FLOW Director: 'People Need to Fall in Love with Water Again'
MUMBAI, May 3, 2012 — Raising awareness of the need to conserve water resources and to find more just and transparent ways to develop its sourcing and distribution, Asia Society India Centre presented a screening of the film FLOW: For the Love of Water, and a discussion via videoconference with the film's director, Irena Salina, appearing from New York City.
Among other themes, the programme explored how the privatization of the water industry can lead to excessive strain on water resources and can raise the price of water to unaffordable levels for the poor. Situations also arise wherein the rich are able to access water cheaper than the poor. Polluted water also leads to innumerable diseases, spread not only through drinking water but also through exposure while bathing. Moreover, Salina's film shows the bottled water industry to be unreliable as a guarantor of quality, causing sometimes unnecessary and excessive pressure on limited resources.
Despite the belief, still held by many, that water is in abundant supply, the film featured experts saying that water resources around the world are drying up.
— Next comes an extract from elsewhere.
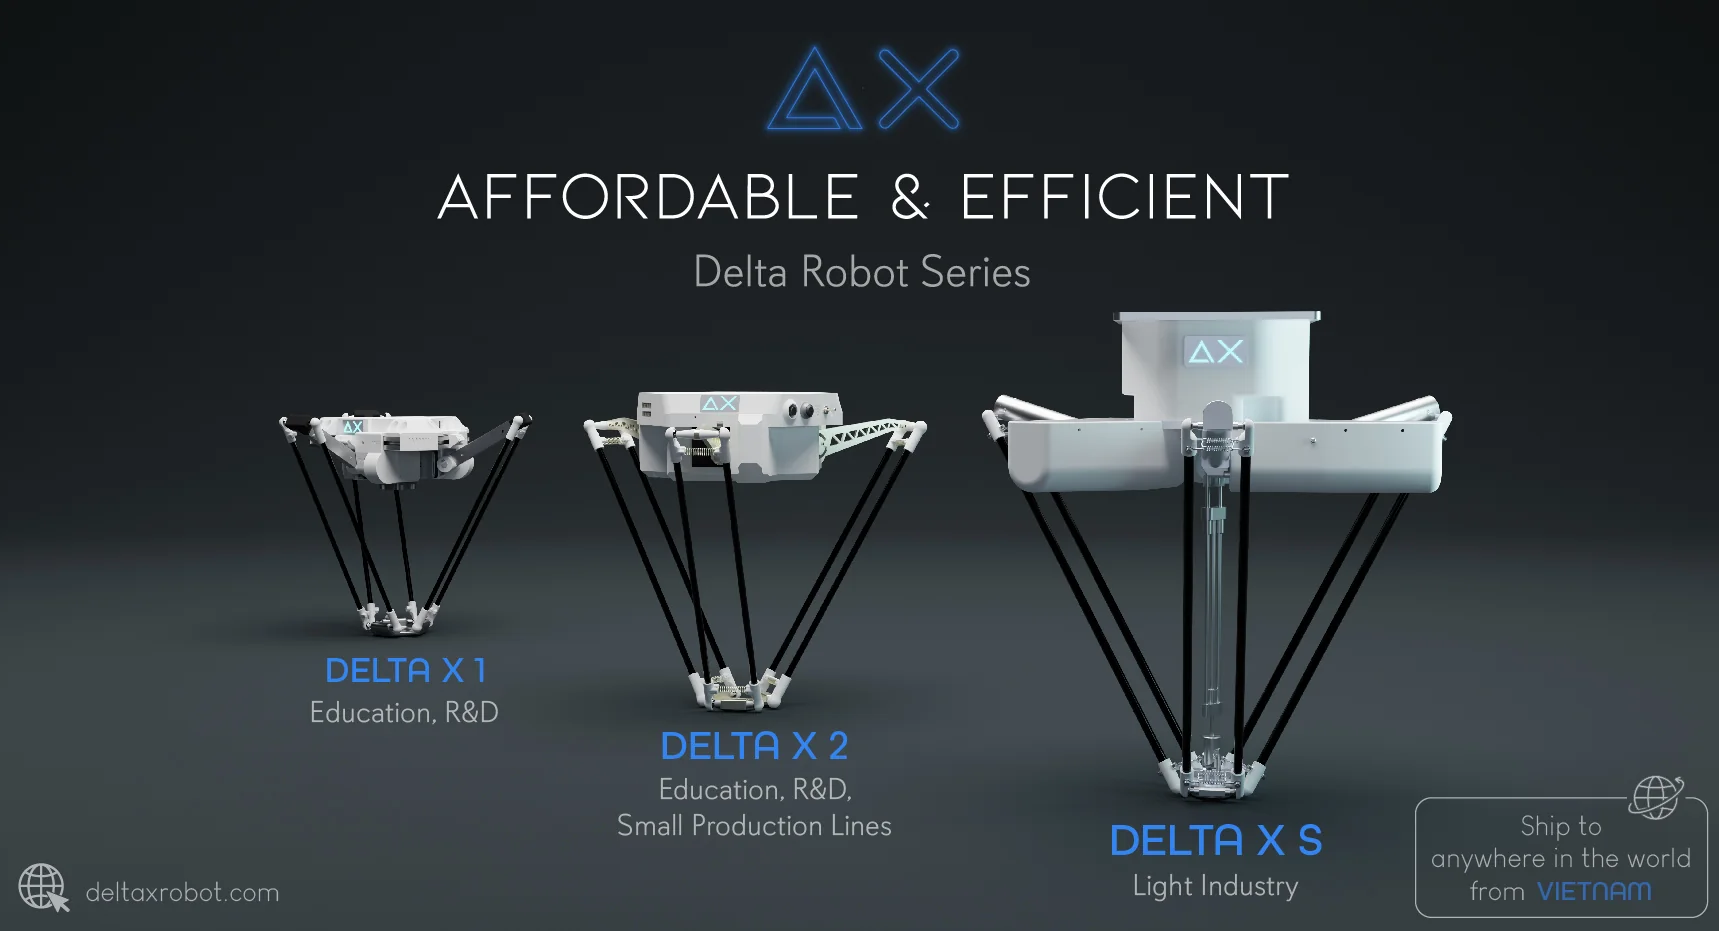 delta_x_models

FLOW also explored some of the solutions being implemented to contend with this issue, from sustainable models of UV technology to ancient methods of rainwater harvesting.
Salina conversed with the audience after the screening, sharing post-film updates and her motivations behind the film's release. Recalling a conference she once attended, she said she had told a gathering that people "need to fall in love with water again." To this, the filmmaker received one response that, in her view, expresses an even more fundamental problem — that people need to fall in love with people again.
Presented in partnership with The American Center, Enlighten Film Society, Bombay Natural History Society and Sanctuary Asia.